If you only need to read nested data (not write it), you can use SerializerMethodField.

class OrderSerializer(serializers.ModelSerializer):
    items = serializers.SerializerMethodField()

    class Meta:
        model = Order
        fields = ['id', 'customer_name', 'items']

    def get_items(self, obj):
        return OrderItemSerializer(obj.items.all(), many=True).data

⚡ Performance Tips

Tip Why
✅ Use select_related and prefetch_related Reduces N+1 queries
✅ Limit fields with fields = [...] Keeps payloads and CPU light
✅ Avoid deep nesting if possible Complex trees slow serialization
✅ Paginate nested data or flatten it Improves scalability

⚠️ Common Pitfalls

Pitfall Fix
❌ “This field is read-only” errors Define create() and update() correctly
❌ Recreating all child objects on update Implement diff logic or use third-party libs like drf-writable-nested
❌ Poor performance on large nested queries Use .only(), .select_related(), and .prefetch_related()
❌ Trying to mix ModelSerializer with overly custom logic Switch to Serializer when needed

Bonus: Use drf-writable-nested for Complex Nested Updates

For more advanced use cases, try the drf-writable-nested package, which handles nested create/update/delete automatically.
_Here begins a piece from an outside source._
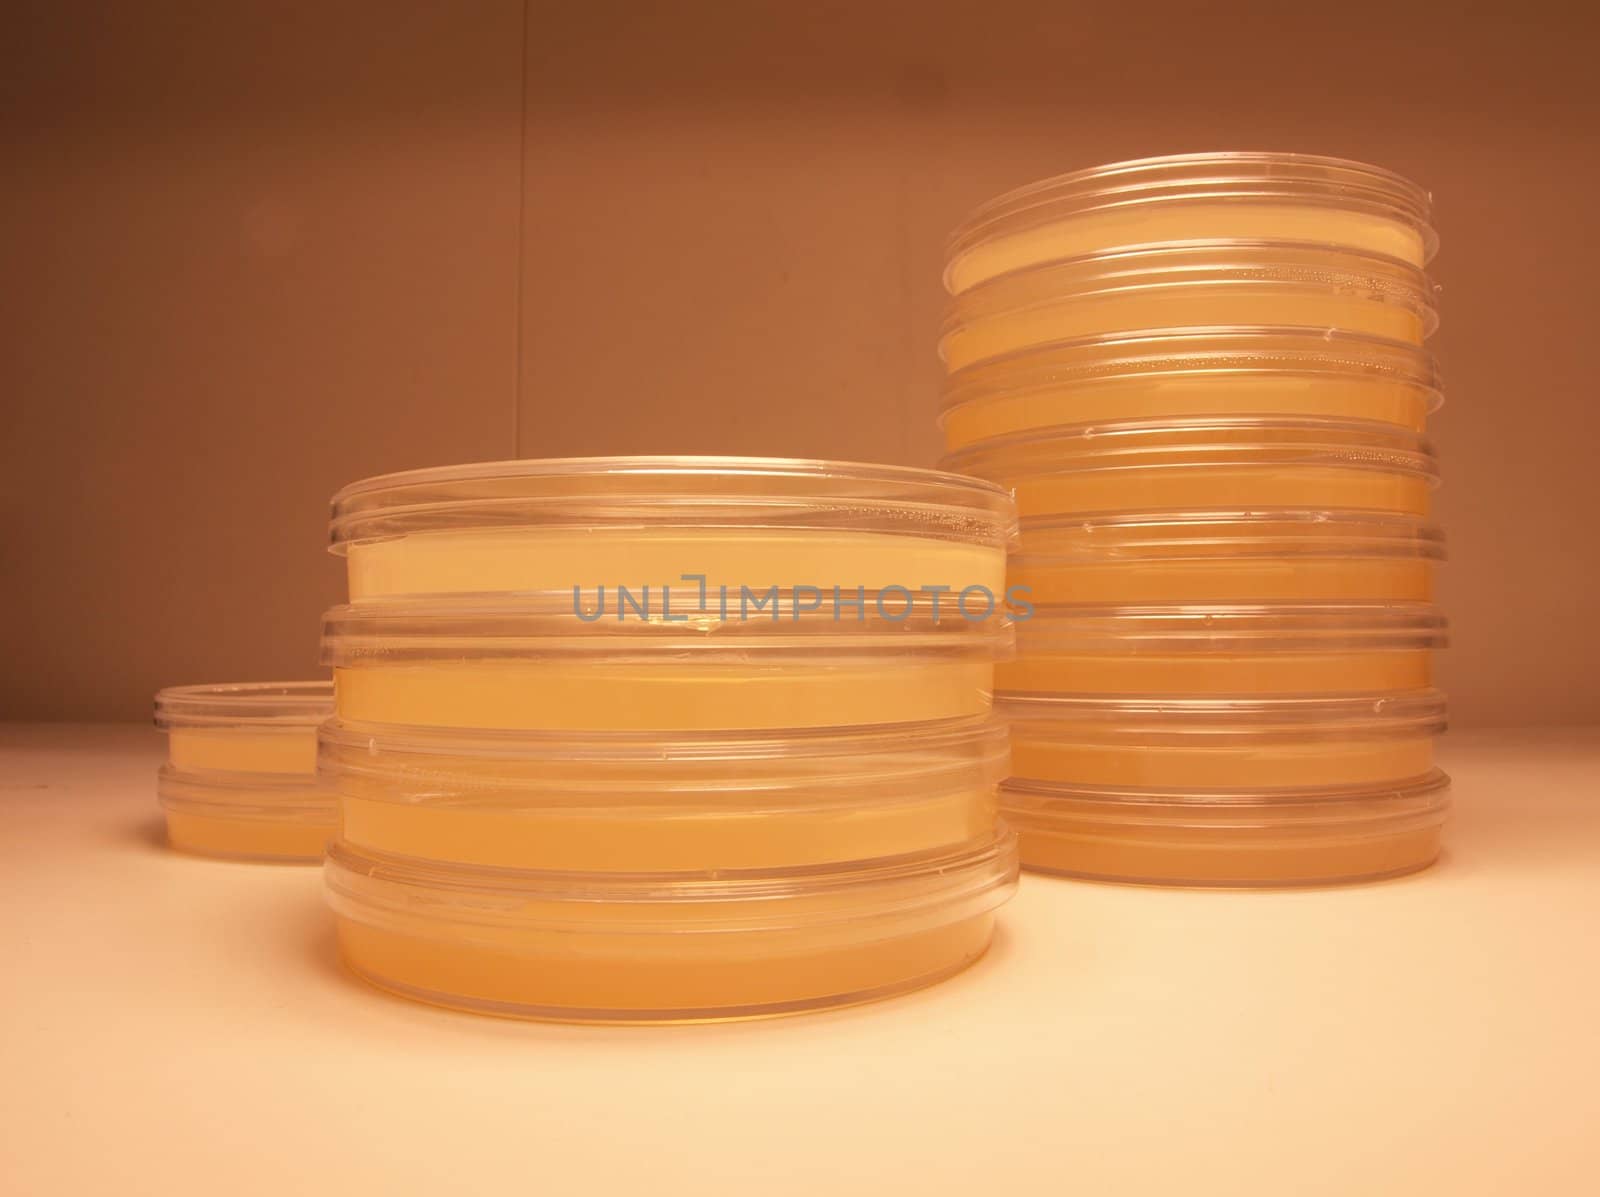 Clinical test plates containing agar for bacterial colony growth
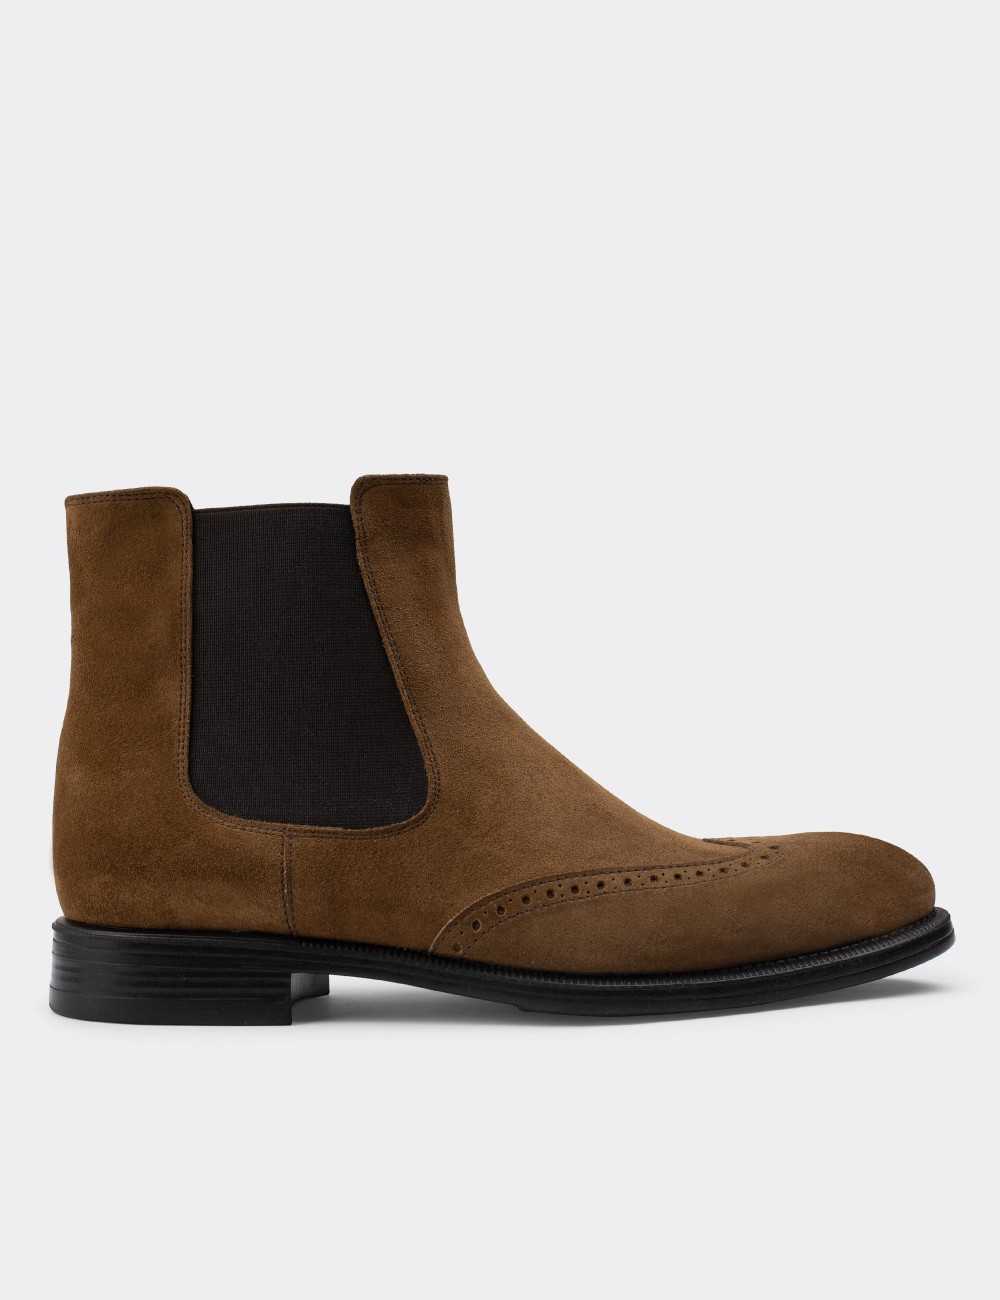 Tan Suede Leather Chelsea Boots - 01848MTBAC01

pip install drf-writable-nested
from drf_writable_nested.serializers import WritableNestedModelSerializer

class OrderSerializer(WritableNestedModelSerializer):
    items = OrderItemSerializer(many=True)

    class Meta:
        model = Order
        fields = ['id', 'customer_name', 'items']

✅ Summary

Concept Use Case
Nested Serializer Show related data inline
Writable Nested Serializer Create/update parent and child models at once
SerializerMethodField Custom read-only nested logic
drf-writable-nested Handle complex create/update for nested data

Conclusion

Nested serializers are powerful for working with relational data in Django Rest Framework. While reading nested data is straightforward, writing it requires custom logic in create() and update().

With thoughtful design and performance considerations, nested serializers help create clean, intuitive, and maintainable APIs—especially when dealing with complex data structures like orders, invoices, or user profiles.